An investigation of the efficiency enhancing methods and cross-section data available in the BEAMnrc MC code system and comparisons with the VMC++ MC code system were performed. BEAMnrc is a well-established code system, which has been used for many years as a major tool for simulation of linear accelerator treatment heads, and is often considered a “benchmarking code” in this area of research.²⁹ Both BEAMnrc and VMC++ are well-established programs for radiotherapy planning simulations although BEAMnrc was developed specially for the generation of PHSP files whileVMC++ was built initially for fast dose calculations in the patient and has recently been extended to allow the calculation of PHSP files. The two MC programs generate accurate PHSP files of the linear accelerator for subsequent planning or dosimetric verification purposes in a relatively short amount of time when the appropriate efficiency enhancing tools are used. The efficiency of BEAMnrc PHSP simulations is significantly improved, with directional bremsstrahlung splitting combined with augmented charged particle range rejection, for the two field sizes studied. VMC++ can also be used to perform accurate simulations of the entire linac treatment head within minutes on a single processor, which represents an invaluable resource for MC calculations for planning purposes. Although significant differences in the mean energy, planar fluence, and angular and spectral distributions were observed when comparing the NIST and BH bremsstrahlung cross-section PHSP files, they were not reflected in the calculated dose distribution in a water phantom with and without an air gap.

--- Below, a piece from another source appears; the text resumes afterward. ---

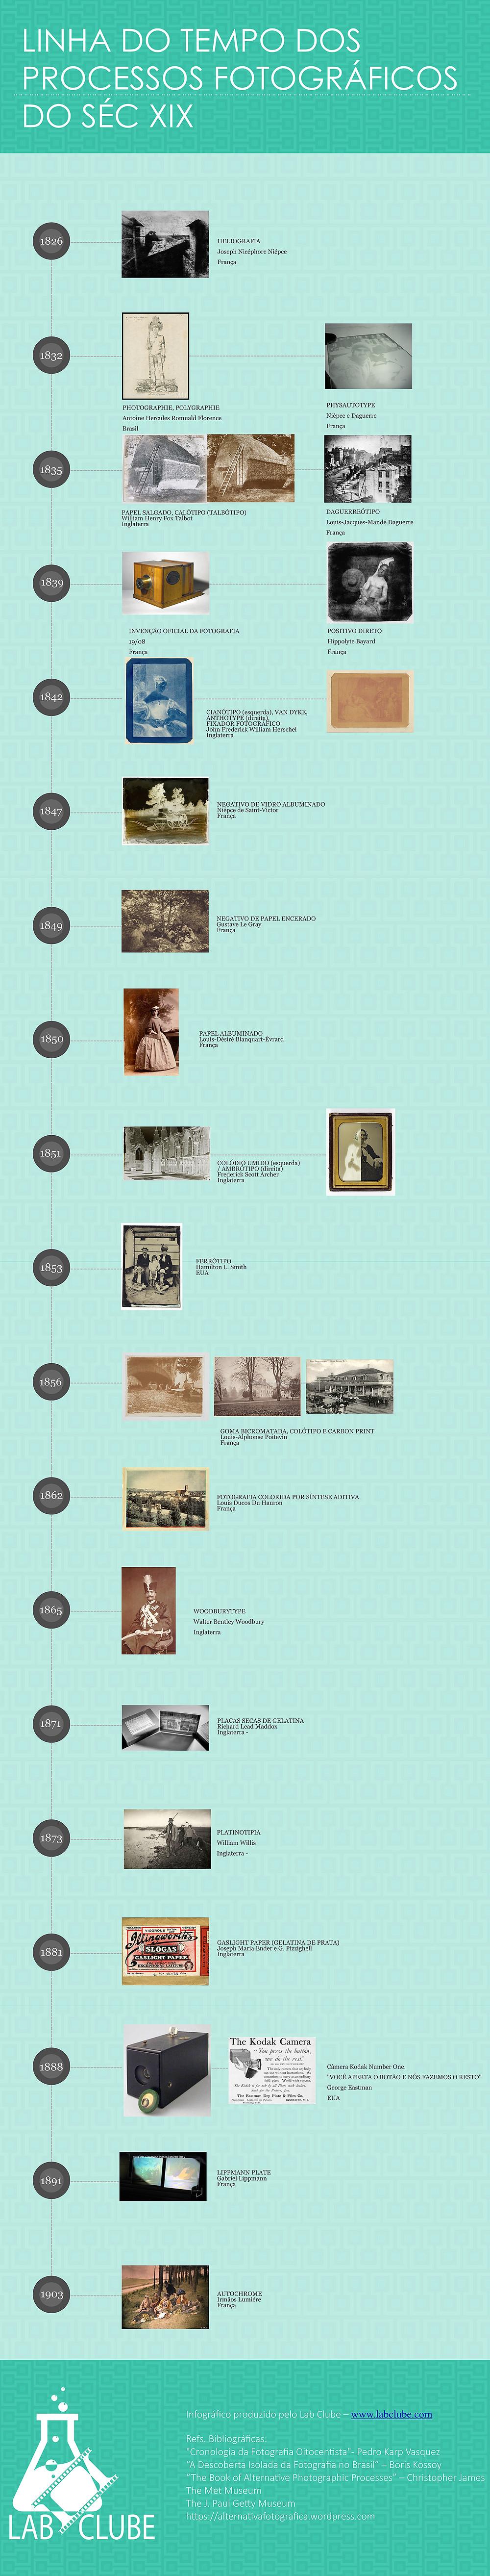 linha do tempo Processos Fotograficos do seculo xix

There is another viewpoint concerning PHSP simulations of the linac treatment head, which should be considered. If one uses VRTs (e.g., bremsstrahlung splitting) then the uncertainty in the patient dose distribution increases versus the no-VRT case for the same number of particles in the PHSP file. This occurs because of particle correlations which are introduced with the use of VRTs, such as bremsstrahlung splitting. Therefore, if one is concerned with the smallest statistical uncertainty (variance) in dose, then it is best to perform the treatment head PS simulation without VRTs. The tradeoff is that the no-VRT simulation is much slower, although if this simulation is being performed just once for subsequent use then it is a reasonable approach. On the other hand, if one is interested in the most efficient PS simulation (note that efficiency is the inverse product of variance and time), then it is necessary to use VRTs. The major advantage of using aggressive VRTs is the significant improvement in calculation time without a compromise in the accuracy of the patient dose computation. This is essential if one is considering real-time MC simulation of the treatment head and patient.